Northeastern University Press

Nothing in the papers, not the most vivid and heart-rending descriptions, have made me realise war like your letters' Vera Brittain to Roland Leighton, 17 April 1915.

This selection of letters, written between 1913 & 1918, between Vera Brittain and four young men - her fiance Roland Leighton, her brother Edward and their close friends Victor Richardson & Geoffrey Thurlow present a remarkable and profoundly moving portrait of five young people caught up in the cataclysm of total war.
Roland, 'Monseigneur', is the 'leader' & his letters most clearly trace the path leading from idealism to disillusionment. Edward, ' Immaculate of the Trenches', was orderly & controlled, down even to his attire. Geoffrey, the 'non-militarist at heart' had not rushed to enlist but put aside his objections to the war for patriotism's sake. Victor on the other hand, possessed a very sweet character and was known as 'Father Confessor'. An important historical testimony telling a powerful story of idealism, disillusionment and personal tragedy.
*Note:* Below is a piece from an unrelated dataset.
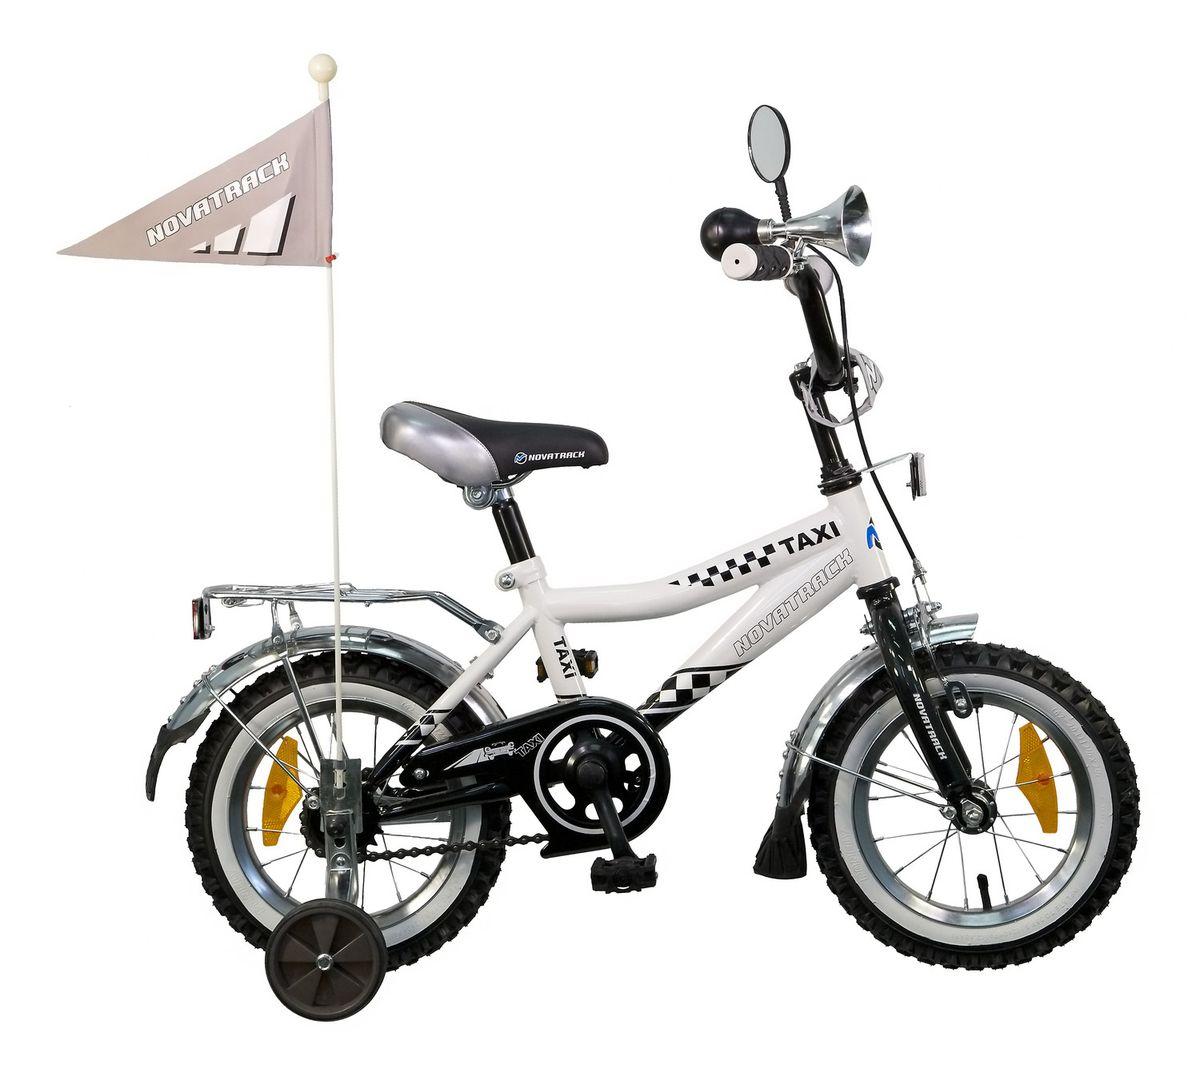 Велосипед детский Novatrack Taxi 12, цвет: черный, белый125BOISTER.BL5Велосипед Novatrack Taxi c 12-дюймовыми колесами – это велосипед для мальчиков в возрасте от 2 до 4 лет. Дизайнеры позаботились о том, чтобы велосипед понравился будущему велогонщику: стильный дизайн завсегдатая городских дорог, надежный хромированный багажник для перевозки игрушек и прочих нужностей, на руле установлено зеркало заднего вида и гудок, такой же громкий, как у настоящих автомобилистов. Эта модель предназначена для самых маленьких, поэтому на Taxi установлена защита цепи, которая не позволит штанишкам попасть в механизм, ограничитель руля, предотвращающий повороты под опасно большим углом, и надежный ножной и ручной тормоза, для того, чтобы быстро останавливаться в случае необходимости. Флажок на длинном флагштоке поможет быстро найти свой велосипед среди транспорта других ребятишек на детской площадке.
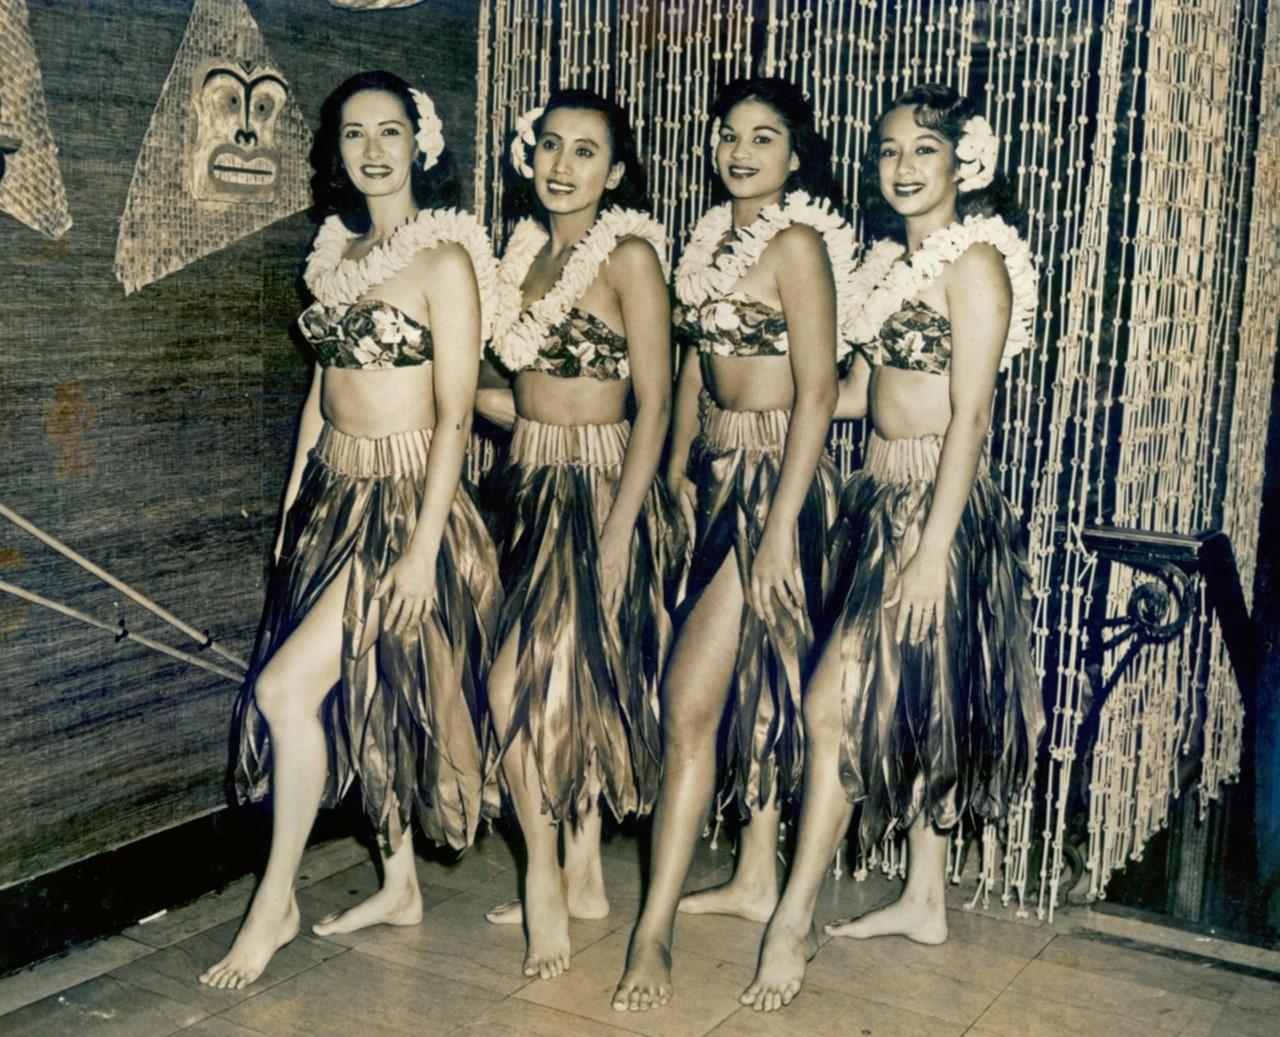 The Hawaiian Room photo courtesy of The MACC.

Vera Brittain is most widely known as the woman who immortalized a lost generation in her haunting autobiography of the Great War, TESTAMENT OF YOUTH.

Writer, pacifist and feminist, she condemned her provincial background but remained acutely conscious of the conventional elements in her own character; she revealed a richly emotional life in her writing but was outwardly sober and reserved; she possessed a fierce desire for fame and recognition but was ready to sacrifice both on matters of principle.

This biography - comprehensive, authoritative and immensely readable - confirms Vera Brittain's stature as one of the most remarkable women of our time.

Film, TV & Theatre

Mark Bostridge was the consultant on a film version of Vera Brittain's TESTAMENT OF YOUTH, which was produced by Heyday for BBC Films and will be released in January 2015.